The Warlock, as part of Dodge's late 1970s "adult toys" line, is a short wheelbase truck produced in limited production in 1976 and regular production from 1977 to 1979. Warlocks came in black, red, green and blue, however other colors could be special ordered. Its main draw was being a factory customized truck, also known as a "trick truck", and was designed to appeal to young 4x4 buyers. The Warlock featured custom gold wheels, wide tires, bucket seats, and a Utiline bed with oak racks. Optional equipment included five-spoke wheels, bucket seats, tinted glass, chrome rear bumper, and power steering. All had black interiors, with gold accents on the dash and the doors, and a "tuff" steering wheel. The exterior was accented by gold pin striping around the wheel wells and the body lines. The pin striping continued inside onto the doors, dashboard, and instrument panel. Warlock was printed in gold on the tailgate through 1978; the 1979 model instead had "Warlock II" printed.

The colors of the Dodge Macho Power Wagon Palomino were the same as a Palomino horse (all Li'l Red Express trucks were Adventurers, though the reverse was not true).  The Li'l Red Express was not available for sale in California, Florida, Maryland, Oregon and Washington and did not meet special noise standards in certain locations.  Because of this the Midnite Express was born.
The Midnite Express was not a factory option like the Li'l Red Express, it was a dealer installed package.  Dealers that could not sell the Li'l Red Express used high optioned Warlocks, repainted them metallic black and ordered all of the Li'l Red Express parts through their parts department.  The Midnite Express was available for the 1978 model year only. This truck was equipped much like the Li'l Red Express with exhaust stacks, wheels, and gold pinstriping. The Midnite Express was painted black instead of red and featured a "Midnite Express Truck" decal on the door. Most Midnite Express trucks were powered by the 440 engine, instead of the 360 like the Li'l Red Express. All of these trucks were considered "lifestyle" pickups and were marketed to an audience that wanted specialty, personal-use trucks.

Diesel
The 1978 models also saw the introduction of the first diesel powered Dodge pickup truck. Available as an economy choice in light-duty trucks and B-series vans was Mitsubishi's 6DR5 4.0 L inline six-cylinder naturally-aspirated diesel, rated at  at 3500 rpm, and ~230 N·m (~169 ) at 2200 rpm. The diesel used standard Dodge manual and automatic transmissions via specially made adapter plate which had the LA V8 bolt pattern. This rare factory option, VIN code H, was the result of fuel crisis and the collaboration of Chrysler and Mitsubishi. The engine, while being trustworthy and having far better economy than any other engine in the Dodge lineup at the time, suffered from low power output and was considered to be underpowered by American standards, even though it was previously used in the Japanese 3.5-ton cab-over Mitsubishi T44 Jupiter Truck and in industrial applications. Because of the low sales, it was phased out quickly, and as a result, it became practically a single-year specialty.

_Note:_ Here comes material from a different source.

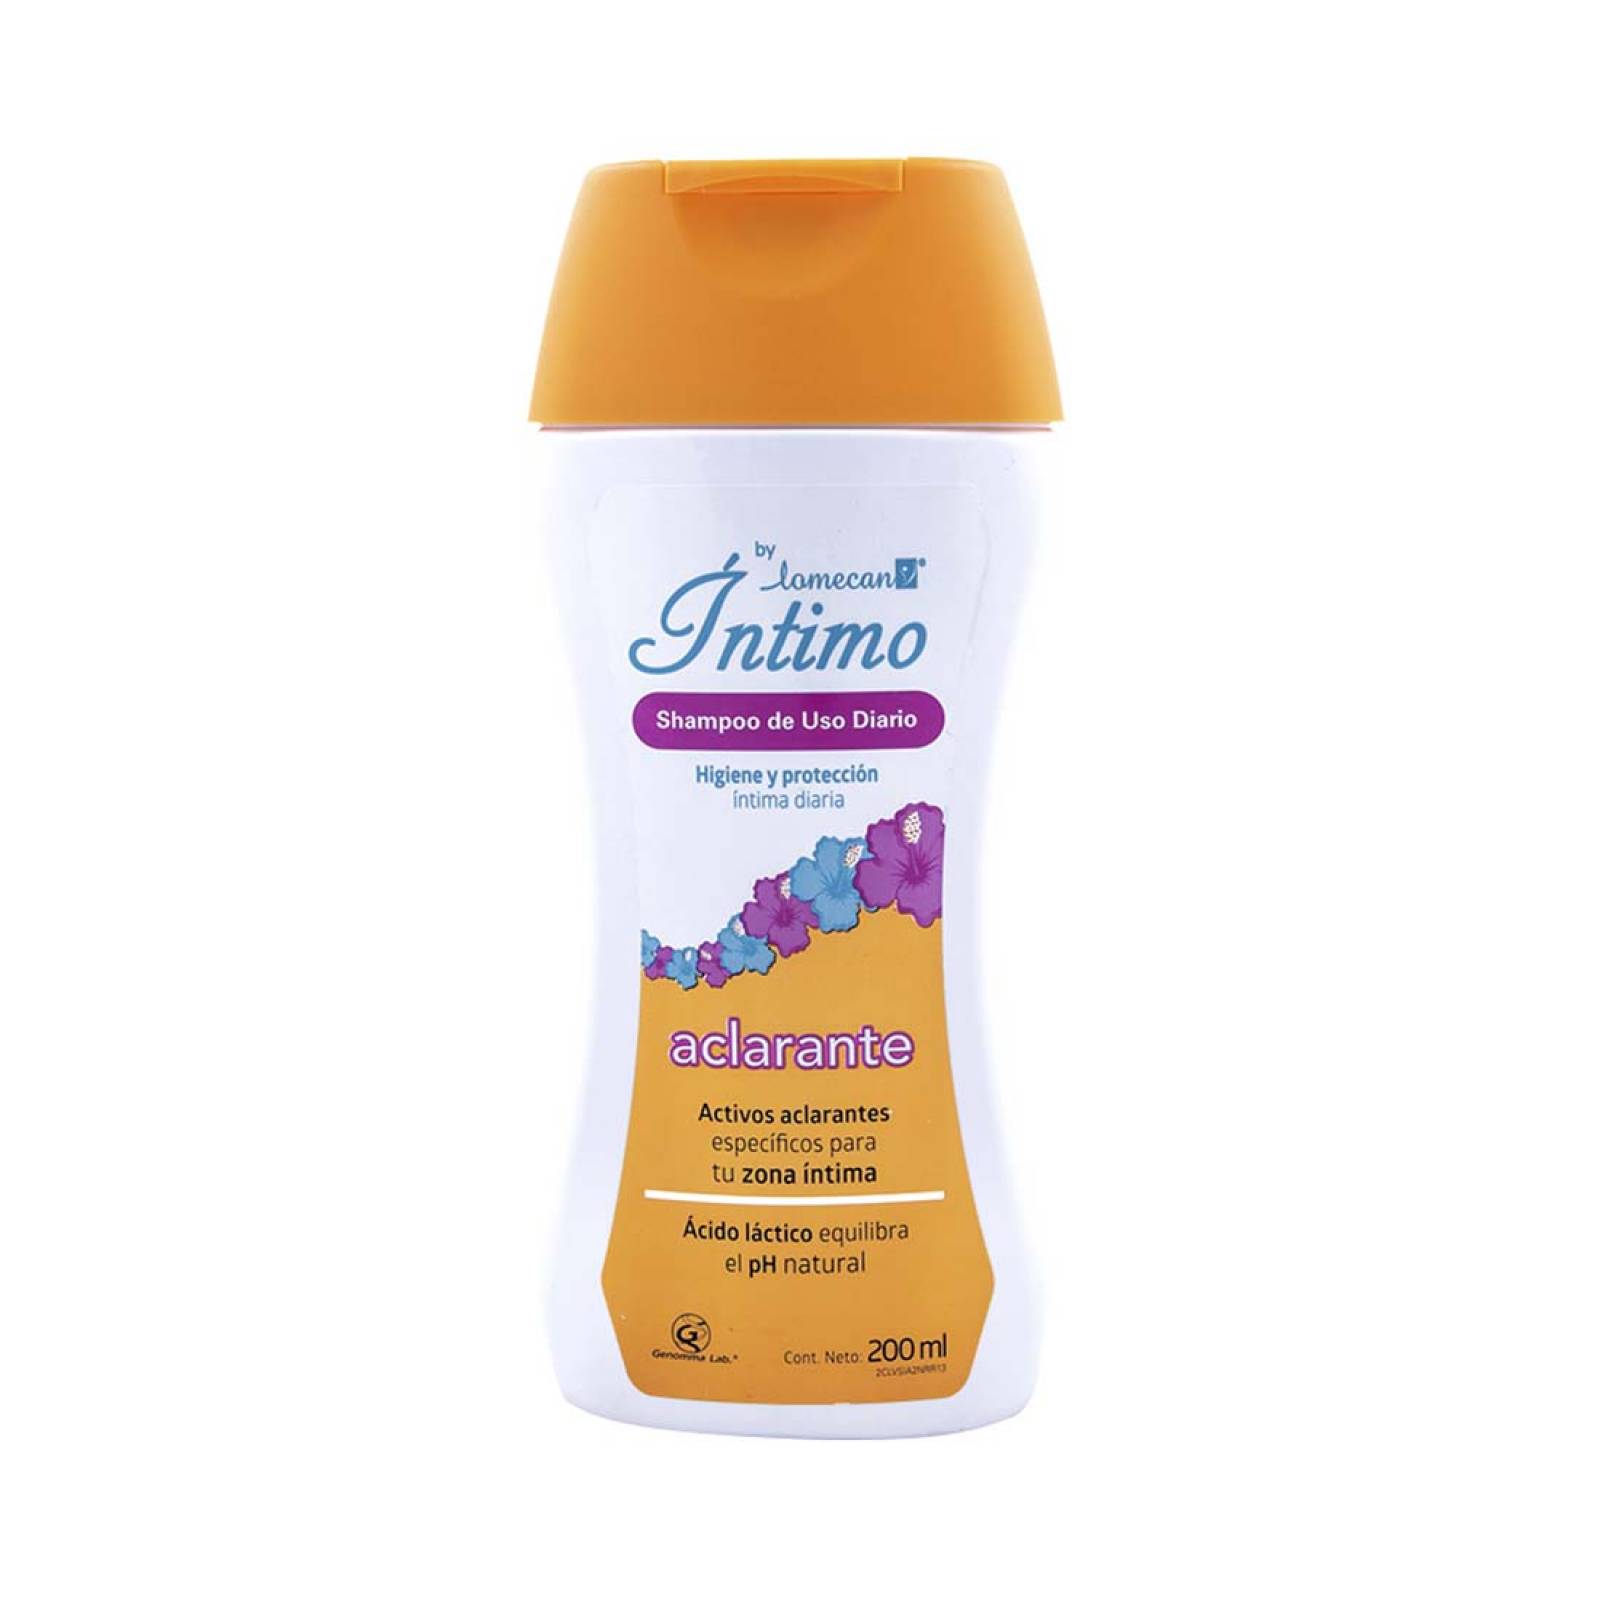 Shampoo Íntimo Lomecan V Aclarante 200ml Genomma Lab

Thousands of D-series trucks entered military service as the M880 series CUCV.

Dodge Ram (1981–93)

This final generation received a facelift in October 1980 when the D series was rebadged as the Dodge Ram pickup around when Lee Iacocca took charge of the ailing Chrysler Corporation. Such things including an embossed "DODGE RAM" name on the tailgate along with other obvious changes like the grille and hood, the taillights, and the entire interior. More subtle was the addition of a "shoulder" line reminiscent of the GM competition. Beginning in 1982, even more corrosion-resistant steel was used in the construction of the trucks. This body style continued until 1993 and many of these vehicles are still on the road. Many body panels are interchangeable for all models from 1971 to 1993, so it is not uncommon to see a "hybrid" with, as an example, a 1978 grille mounted with a 1974 hood and a 1991 cab. Sometimes the bed is swapped with a moving truck style box for models like these. In most jurisdictions, the year is dictated by the year of the truck's chassis regardless of the body which has been bolted to it. Also kept was the narrow Utiline bed that dated back to the 1940s; this was dropped in 1985. Throttle-body injection was introduced in 1988.

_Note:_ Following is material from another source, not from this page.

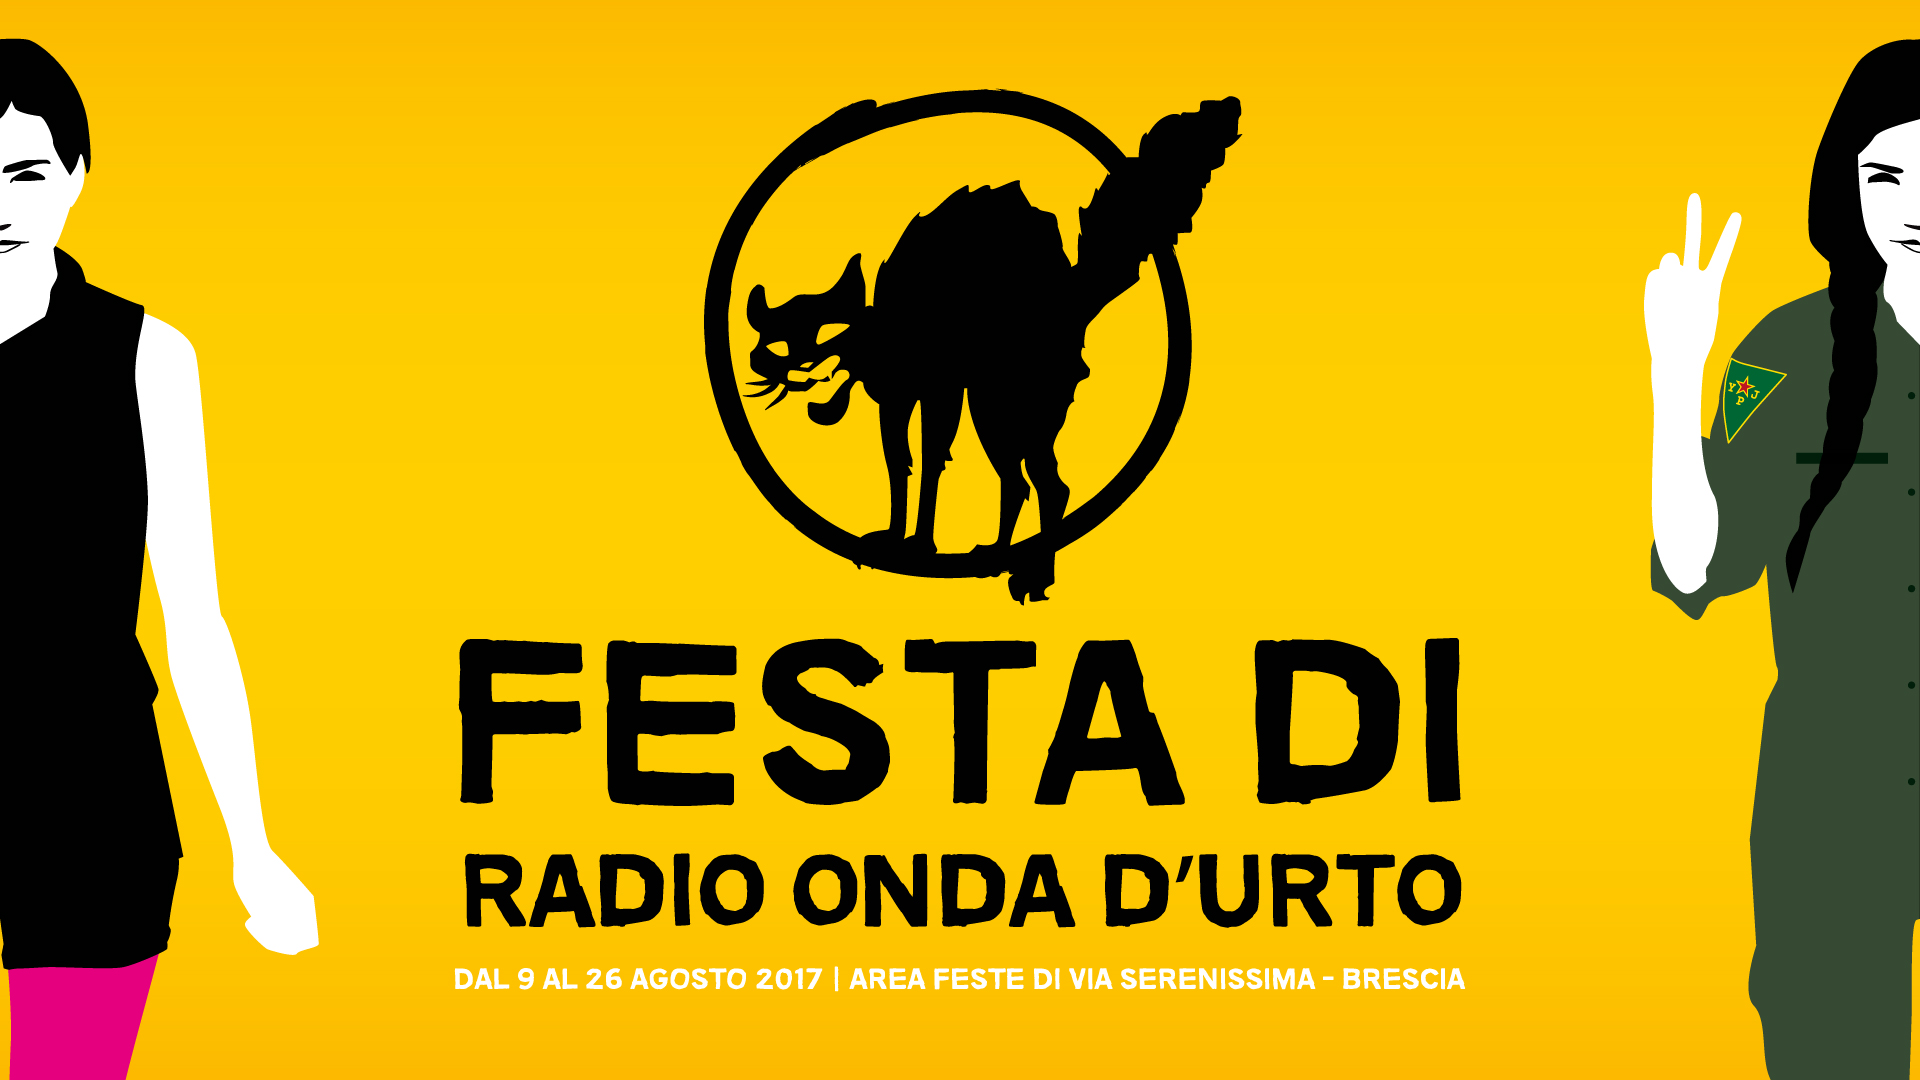 Live @ Festa Radio Onda d’Urto 2017 – 18 agosto

A narrower range of engines was offered: the base power plant was the   slant-6, now with top-fed hydraulic tappets, and the  and  LA-series V8s. The slant-6 was supplanted by the  V6 for 1988; in 1992 it and the V8s became Magnum engines. The 6BT  12-Valve Cummins B-series diesel engine became an option in 1989.

Sales were good during the Sweptline era and into the late 1970s. A combination of stagnant styling that was nearly two decades old plus brand loyalty primarily to Chevrolet and Ford during the 1980s and 1990s reduced sales volume for the first-generation Dodge Ram. A wholly new Dodge Ram was released for the 1994 model year.

Engines

In popular culture

A 1972 Dodge D-300 was used as a LA County Fire Department paramedic rescue vehicle, also known as Squad 51 in the television show Emergency!. The utility body was custom built by Universal Studios for Emergency! according to the Los Angeles County Fire Department's specifications for its paramedic rescue vehicles.  After the series ended it was donated to the LA County Fire Department and placed into the reserve fleet where it was occasionally put into service as a Paramedic Squad. Subsequently it was transferred to the department's Museum and was then restored thoroughly in 1999. The only change in the restoration was a diesel engine which replaced the engine that was previously used. There were three Dodge D-series vehicles used in the filming of Emergency!, a 1971, 1972 and a 1973 Dodge D-300. The 1972 and the 1973 were identical except for the grilles.

In the Supernatural episode "Route 666", the ghost of a deceased man haunts a town as a phantom D300. The vehicle is extensively modified, particularly through the addition of two diesel smokestacks, and filmed in such a way that identifying features are hard to see. The truck is most recognizable in a scene where Sam and Dean Winchester pull the actual wreckage of the truck out of a pond.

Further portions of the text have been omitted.